West Pharmaceutical Services hit by ransomware - $3B injectable-packaging supplier disclosed data theft and encryption in SEC 8-K, global shipping and manufacturing disrupted

West Pharmaceutical Services - the Pennsylvania-based S&P 500 maker of injectable pharmaceutical packaging and drug delivery components, with annual revenues over $3 billion and 10,800 employees - filed an SEC 8-K disclosing a 'material cybersecurity attack.' The company detected the intrusion on May 4, 2026, and confirmed on May 7 that attackers had exfiltrated data and encrypted certain systems. West took infrastructure offline globally for containment, engaged Palo Alto Networks' Unit 42 for forensics, and partially restored core enterprise, shipping, and manufacturing systems by May 13. No ransomware group has publicly claimed the attack, and West says it has 'taken steps intended to mitigate the risk of dissemination of the exfiltrated data.'

Check
Check whether your organization is a downstream customer of West Pharmaceutical Services (injectable vials, syringes, stoppers, drug delivery components), audit purchase orders and delivery delays from May 4 onward, and review supplier-risk assessments.
Affected
Customers and supply-chain partners of West Pharmaceutical Services - primarily biopharma manufacturers and contract drug fillers that depend on West for injectable packaging and delivery systems. Scope of stolen data not yet disclosed.
Fix
Engage West directly for an authoritative status update on your specific product lines, activate alternate-supplier contingencies for time-critical injectables, and treat any new emails referencing West order numbers as untrusted until verified through known account contacts.

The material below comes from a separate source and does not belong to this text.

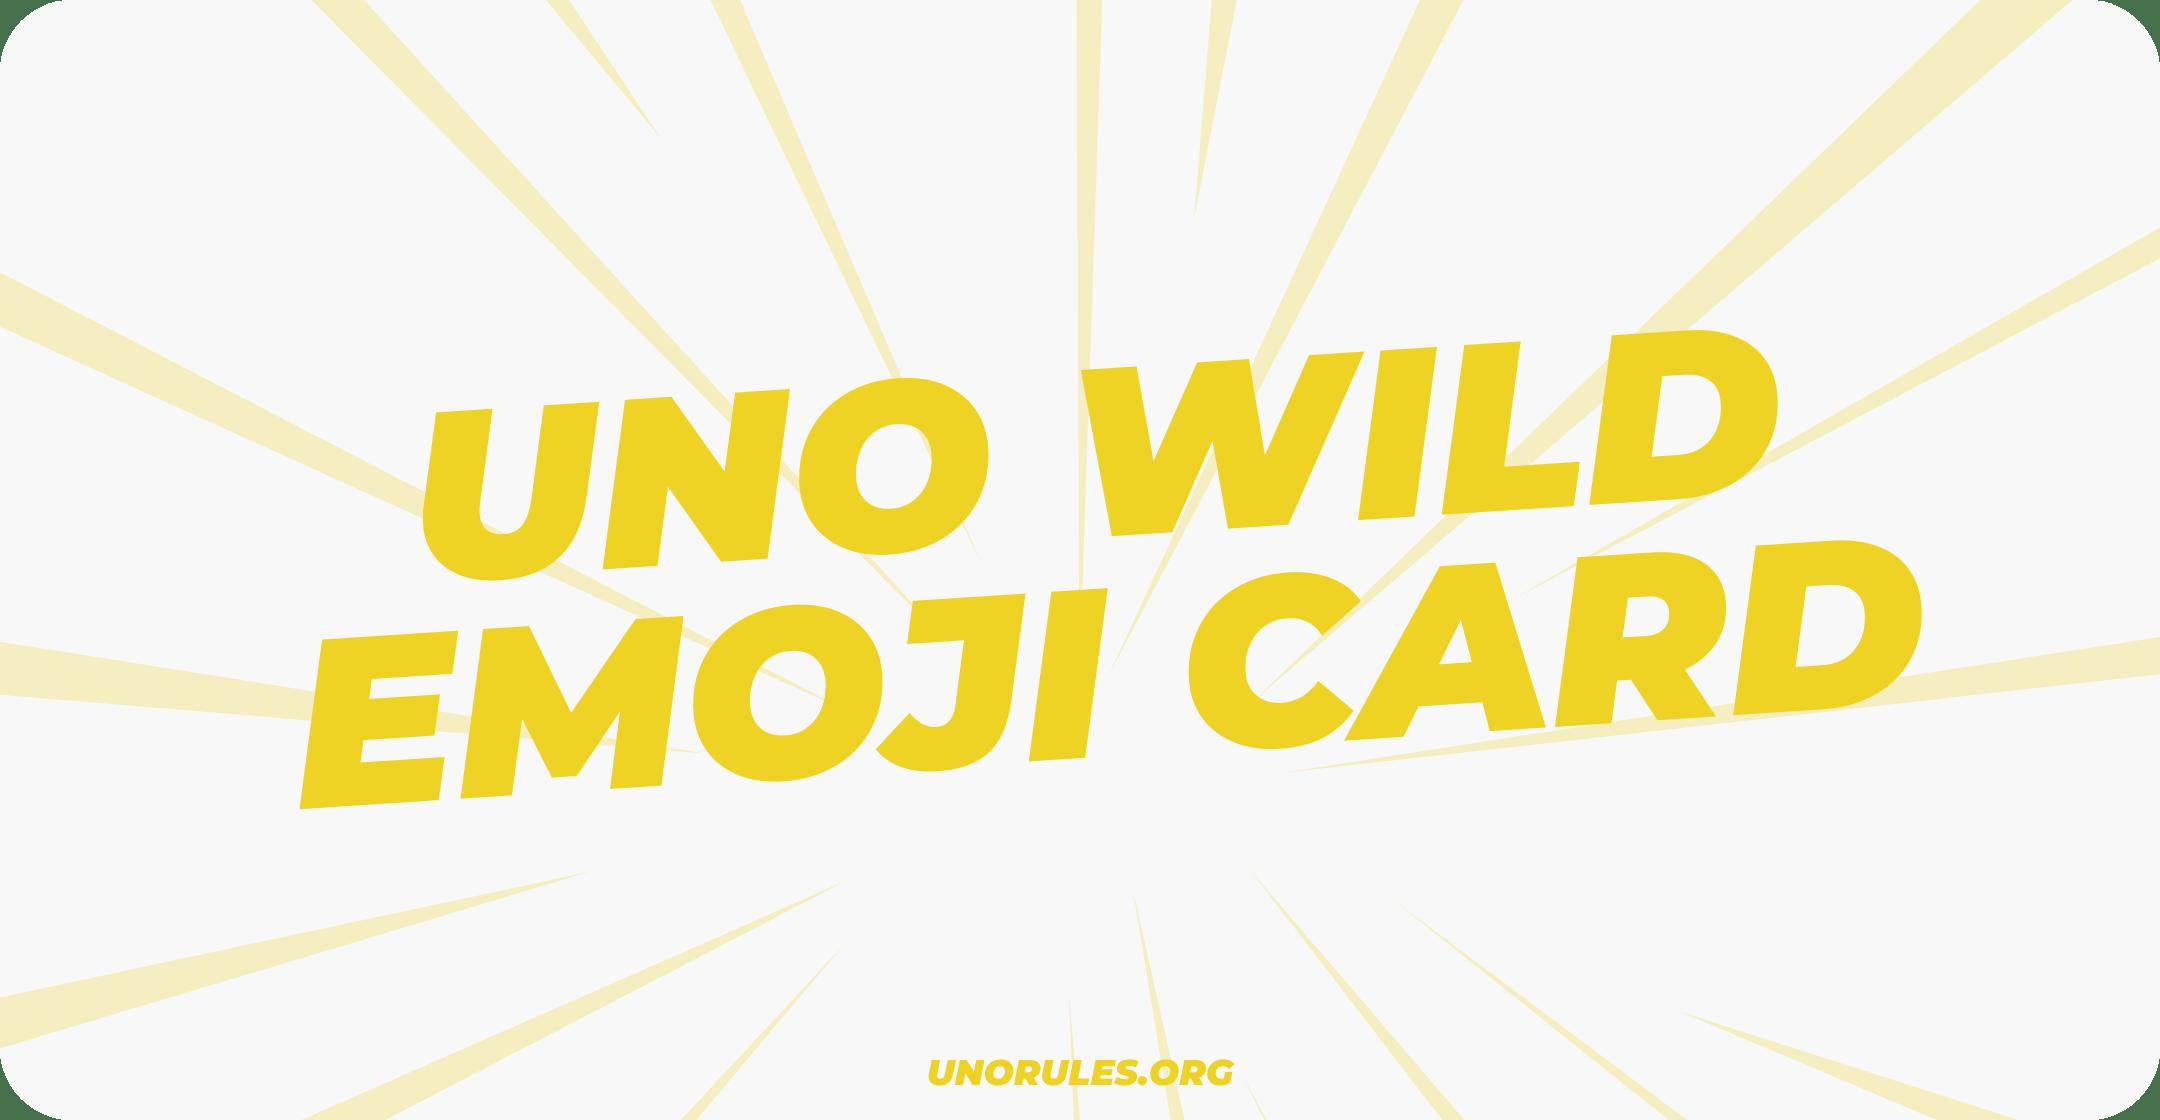 Uno Wild Emoji Card
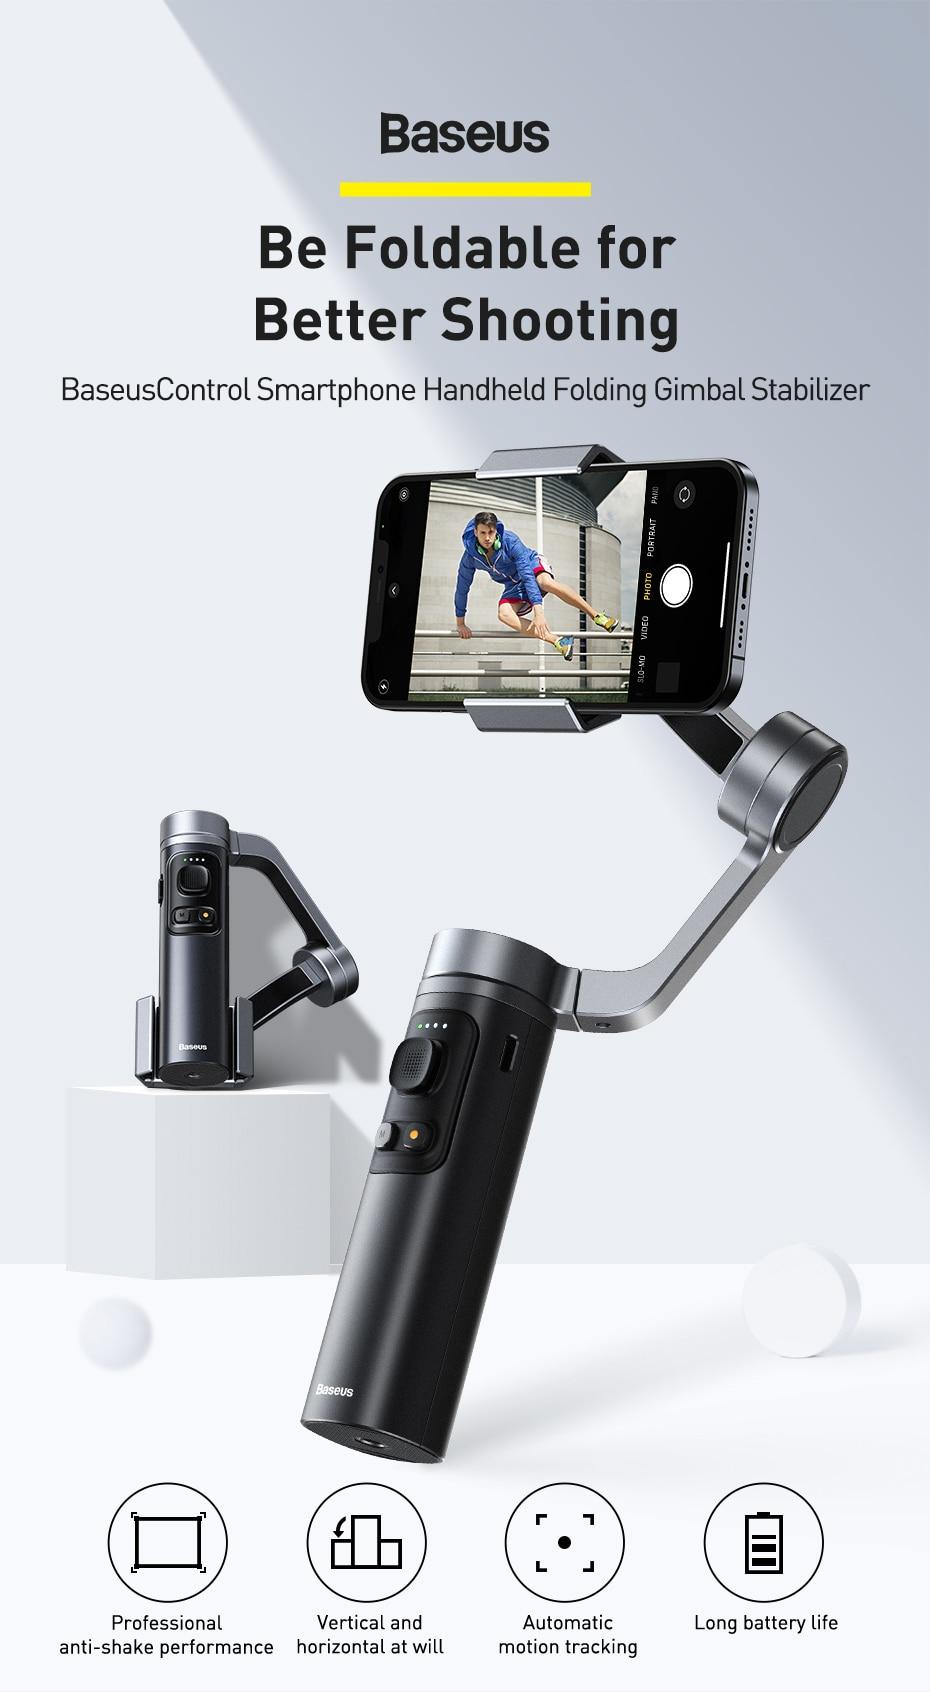 Baseus Control Smartphone Handheld Folding Gimbal Stabilizer 5

GemStuffer campaign turned RubyGems into a clandestine data drop - 150+ malicious gems hid scraped UK council portal pages inside Ruby packages

Socket researchers found more than 150 RubyGems packages doing something the registry was never built to do: smuggling scraped data out of UK council websites. The malicious gems fetch pages from Lambeth, Wandsworth, and Southwark's public meeting portals, bundle the responses into a normal-looking .gem archive, and push it back to RubyGems using a hardcoded API key. The attacker then downloads the data as a public gem version. Whether GemStuffer is registry spam, a worm being tested, or a deliberate trial of package-registry abuse, the mechanics are intentional - and it landed the same week RubyGems froze new account signups over a separate flood of malicious packages.

Check
Search dependency manifests and gem caches for gems published from newly registered RubyGems accounts in May 2026 with junk names, and review outbound traffic from CI runners for connections to council .gov.uk subdomains.
Affected
Any developer workstation, CI agent, or container image that allows arbitrary outbound gem installs from rubygems.org. UK local government portals (Lambeth, Wandsworth, Southwark) had public pages scraped through this channel.
Fix
Restrict gem installs to internal mirrors with allowlists, block outbound HTTP to council .gov.uk domains from build agents, and use Socket's published GemStuffer indicators to block known malicious gems.